Cate Campbell won a gold and a silver in relay events but disappointed in individual races. Photograph: Clive Rose/Getty Images

It’s arrogance, too, to think that Australia’s much touted ability to “punch above its weight” is – or perhaps “was” is now more accurate – something innate, or a gift reserved solely for those born or bred in this wide brown land that’s girt by sea. While Australia’s great sporting endeavours surely have something to do with the nation’s outdoor lifestyle, in more recent times, times that have encompassed the Olympics of Sydney, Athens and Beijing, it’s the country’s willingness to dig into the public purse that has underpinned Australia’s high standing on the medal table (fourth in both Sydney and Athens).

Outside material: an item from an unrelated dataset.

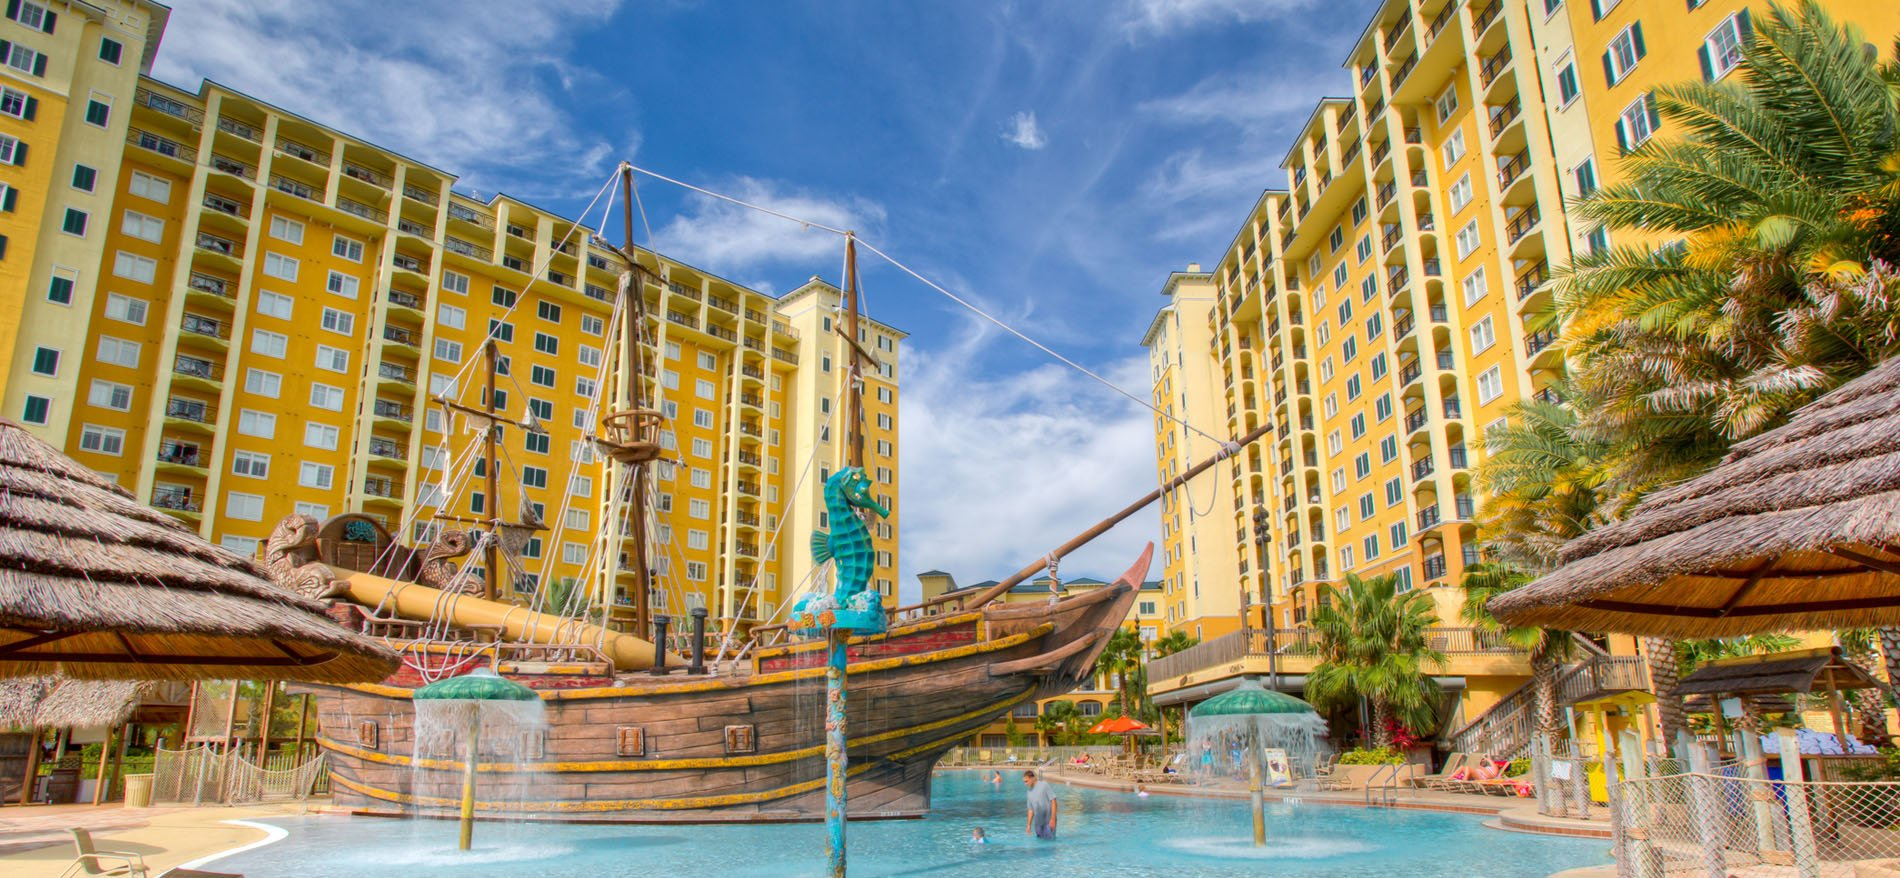 staySky Orlando Hotels & Resorts Teacher Education Discount.
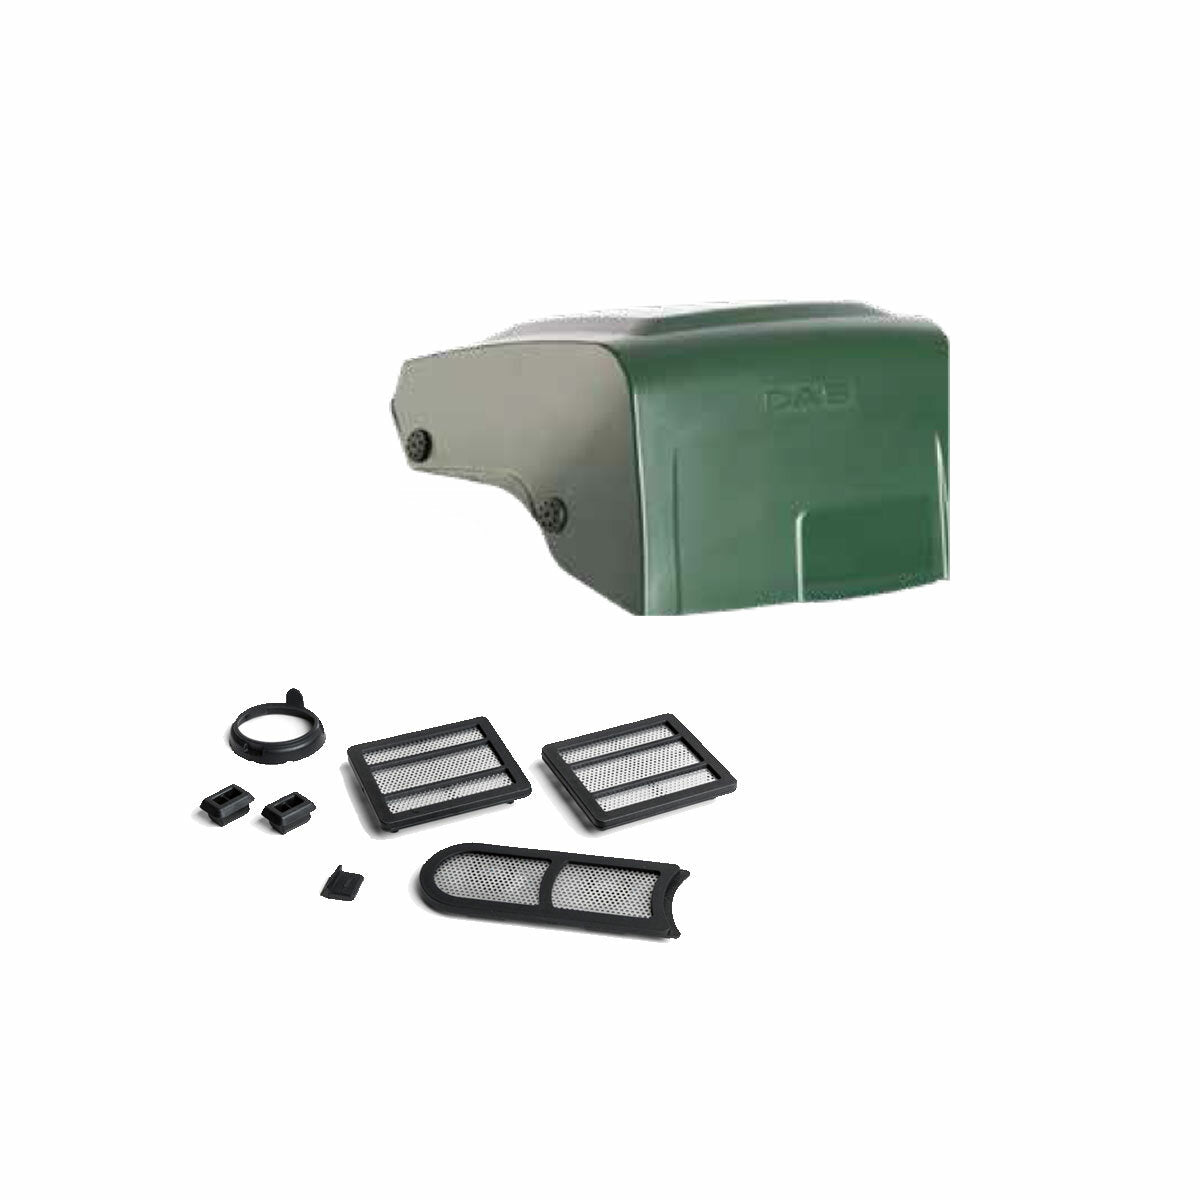 ESycover + Esygrid DAB Outdoor-Kit für Esybox mini3 grün

Well, the jig appears to be up. Other countries are on to it, Great Britain and now Japan among them, just as they’re busy hiring Australian coaches. And the effect is not just being seen in Olympic sports. Australia’s cricket, rugby union and rugby league teams are not as dominant as they were during the sun-kissed years around the turn of the millennium.

So often the butt of sporting jokes, Great Britain threw dough at its sporting programs in the lead up to London 2012 and has reaped the rewards. It was the same story for Australia heading into Sydney 2000 where Australia won 58 medals, 16 of them gold. And like Australia’s performance at Athens 2004 (17 golds), Great Britain has maintained the rage after their home Games. To think, 20 years ago in Atlanta, Great Britain won a total of 15 medals, just one of them gold.

Forgetting all that for a moment, it could be argued that despite the talk of despondency, Australia’s has actually done quite well in Rio for a nation of its population and wealth. Yes, no doubt, a number of performers and teams failed to live up to their potential, but look at the countries above Australia on the table, all countries with bigger populations and bigger GDPs. Take out the Games of London, Athens and Beijing (as well as the Melbourne Games of 1956) Australia’s performance in Rio compares well to any of the others since the modern Olympics began in 1896.

Perhaps Australia needs to consider that its period of well-planned, well-funded sporting over-achievement is over. The rest of the world has caught on and caught up, and unless the nation is willing to engage in a funding arms race merely for the cachet of sitting in about fifth place on an Olympic medal table, Australians best get used to it. Better still, it wouldn’t hurt to focus on what their athletes have achieved, and not what they haven’t.